+/*
+ * Synchronize with another thread's call to init_once_signal on the same
+ * HANDLE object.
+ */
+static void init_once_wait(HANDLE *ep)
+{
+#if _WIN64
+ if (!InterlockedAdd64((LONG64 *)ep, 0)) // load with memory barrier
+#else
+ if (!InterlockedAdd((LONG *)ep, 0))
+#endif
+ {
+ HANDLE e;
+
+ e = CreateEvent(NULL, FALSE, FALSE, NULL);
+ if (!InterlockedCompareExchangePointer(ep, e, NULL))
+ WaitForSingleObject(e, INFINITE);
+ CloseHandle(e);
+ }
+}
+
+/*
+ * This implementation using an MCS lock variation requires only a single
+ * pointer of shared global state initialized to null, and in the uncontended
+ * case does not require allocation of any Windows resources whatsoever.
+ *
+ * These locks are described in the paper:
+ *
+ * "Algorithms for Scalable Synchronization on Shared-Memory Multiprocessors"
+ * by John M. Mellor-Crummey and Michael L. Scott.
+ * ACM Transactions on Computer Systems Volume 9, Issue 1 (Feb. 1991).
+ *
+ * The basic idea is that each thread has a local state, which includes a
+ * pointer to the next waiting thread.

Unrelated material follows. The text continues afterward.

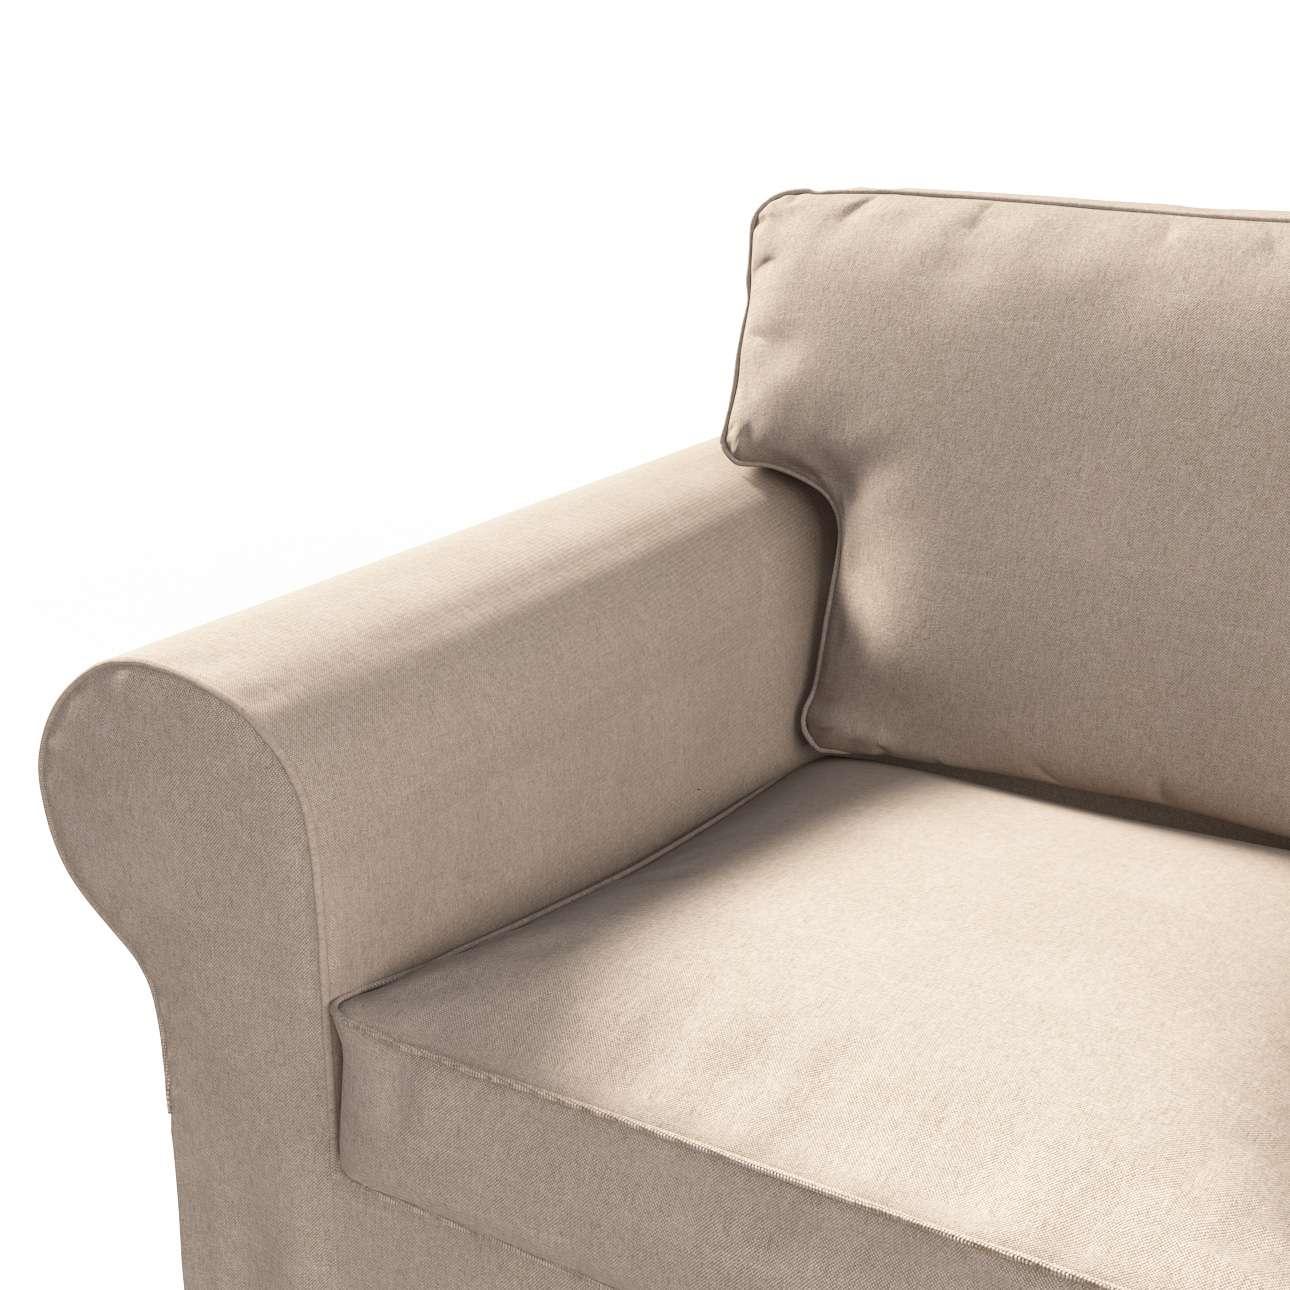 Ektorp dvivietės sofos užvalkalas Ektorp dvivietės sofos užvalkalas kolekcijoje Etna , audinys: 705-09

The global state is a tail pointer to
+ * the last waiting thread. The running thread holds the lock and also the
+ * pointer to the first waiter.
+ *
+ * On acquire, atomically swap our fresh local state with the global tail
+ * pointer, becoming the new last waiter. We receive a pointer to the previous
+ * last waiter (or nothing, in the unlocked case). At this point it is safe
+ * for a new thread to come along and update the tail pointer again. If
+ * needed, we then update the last waiter to point to our thread, signal
+ * that this is completed, and then wait to be signaled.
+ *
+ * On release, if the tail pointer points to us there are no waiters, and this
+ * can be confirmed with an atomic compare and exchange to the done state,
+ * which is equivalent to the original state except that a subsequent acquirer
+ * will know that the initialization has been previously completed.
+ *
+ * If that didn't unlock the lock, we need to wait for the signal from the next
+ * thread (which may not have updated our next pointer yet), then signal the
+ * next thread to wake up. Eventually the queue will empty and the lock is
+ * left in the done state, at which point a simple atomic load can determine
+ * that nothing else needs to happen.
+ */